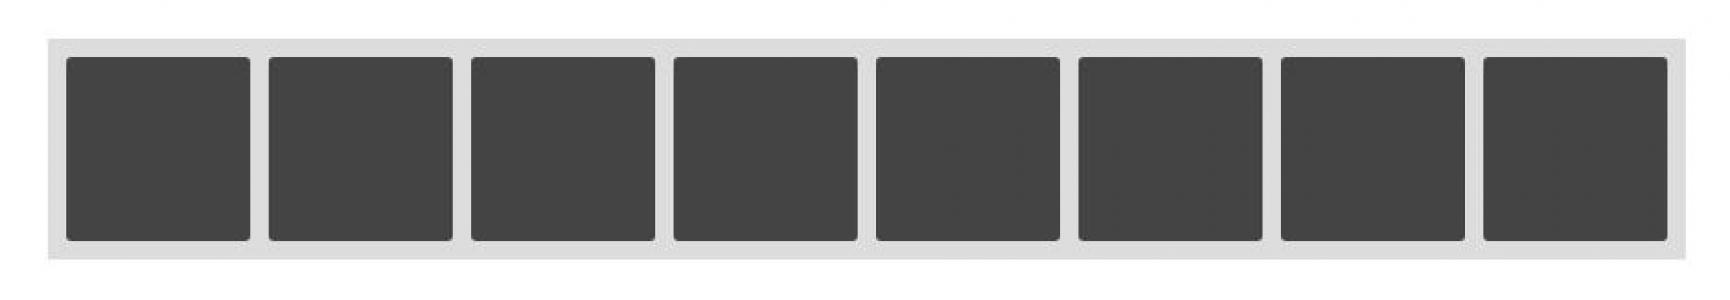 响应式CSS设计显示屏幕的项目数
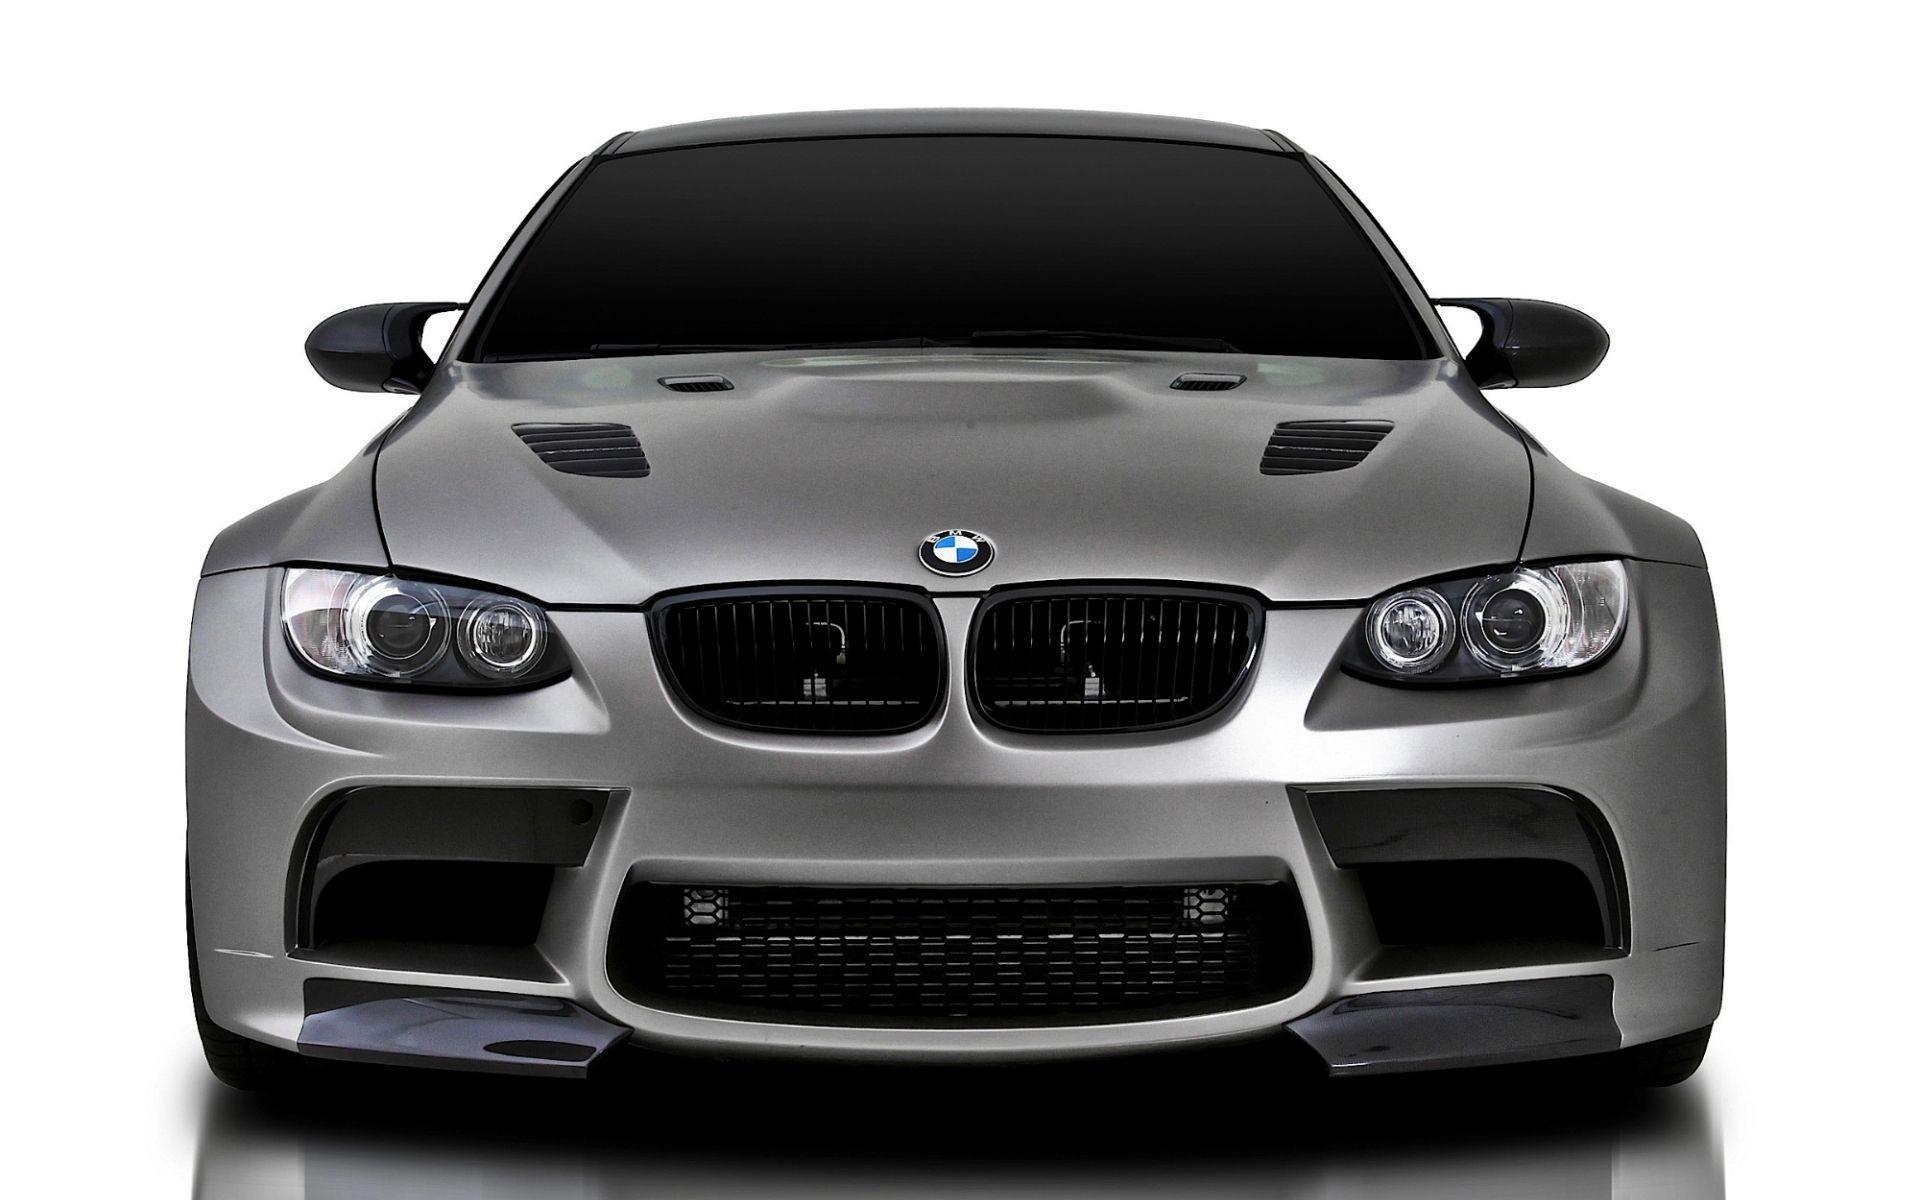 BMW M3 wallpaper. BMW M3 wallpaper
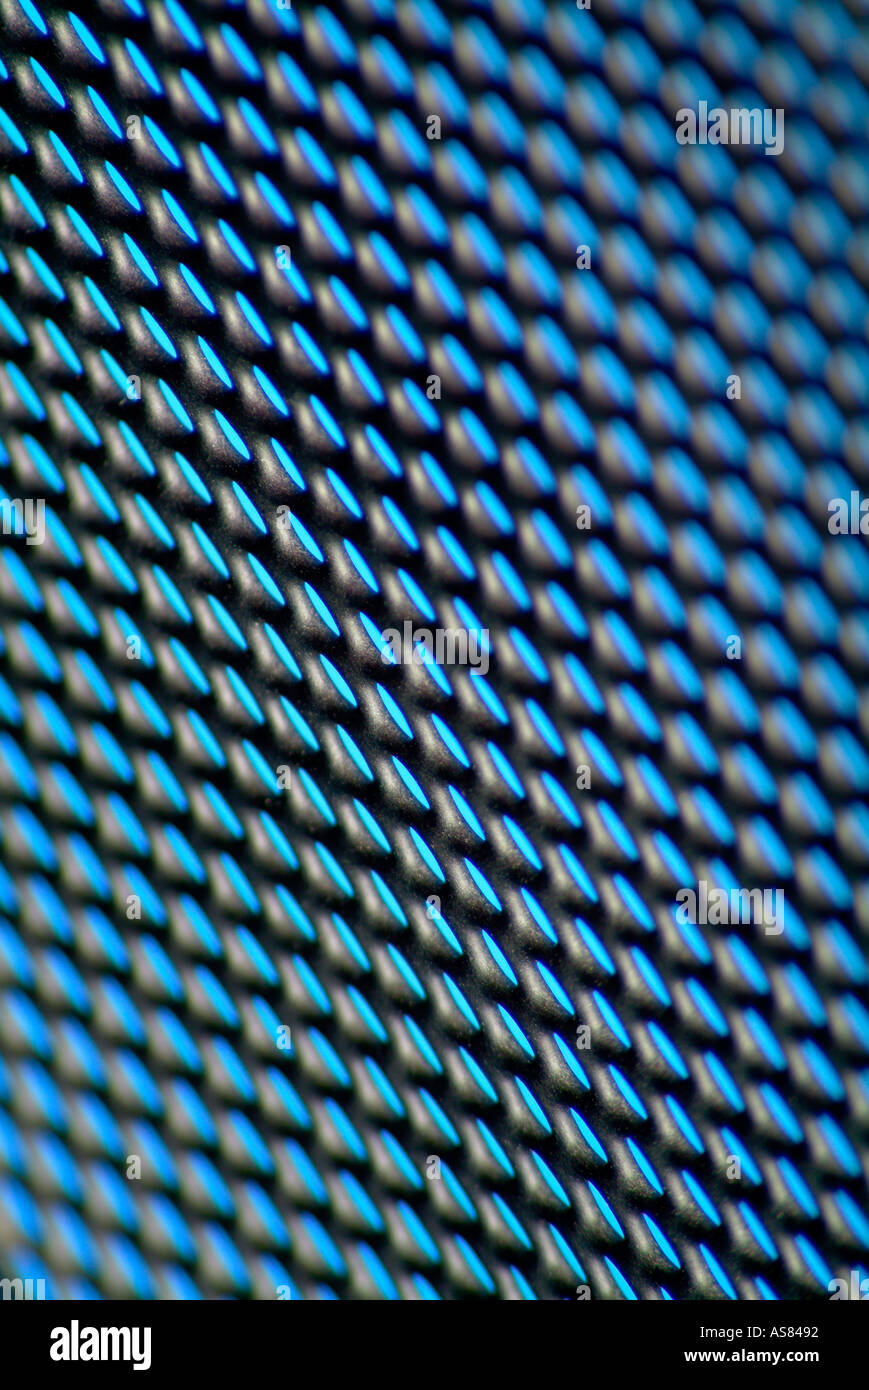 detail of metal mesh pattern Stock Photo

Task to complete - Restate word for word each line from the one containing "BMW M3 wallpaper. BMW M3 wallpaper" through the end of the material, pictures excluded.

Solved exercise -
 BMW M3 wallpaper. BMW M3 wallpaper
 detail of metal mesh pattern Stock Photo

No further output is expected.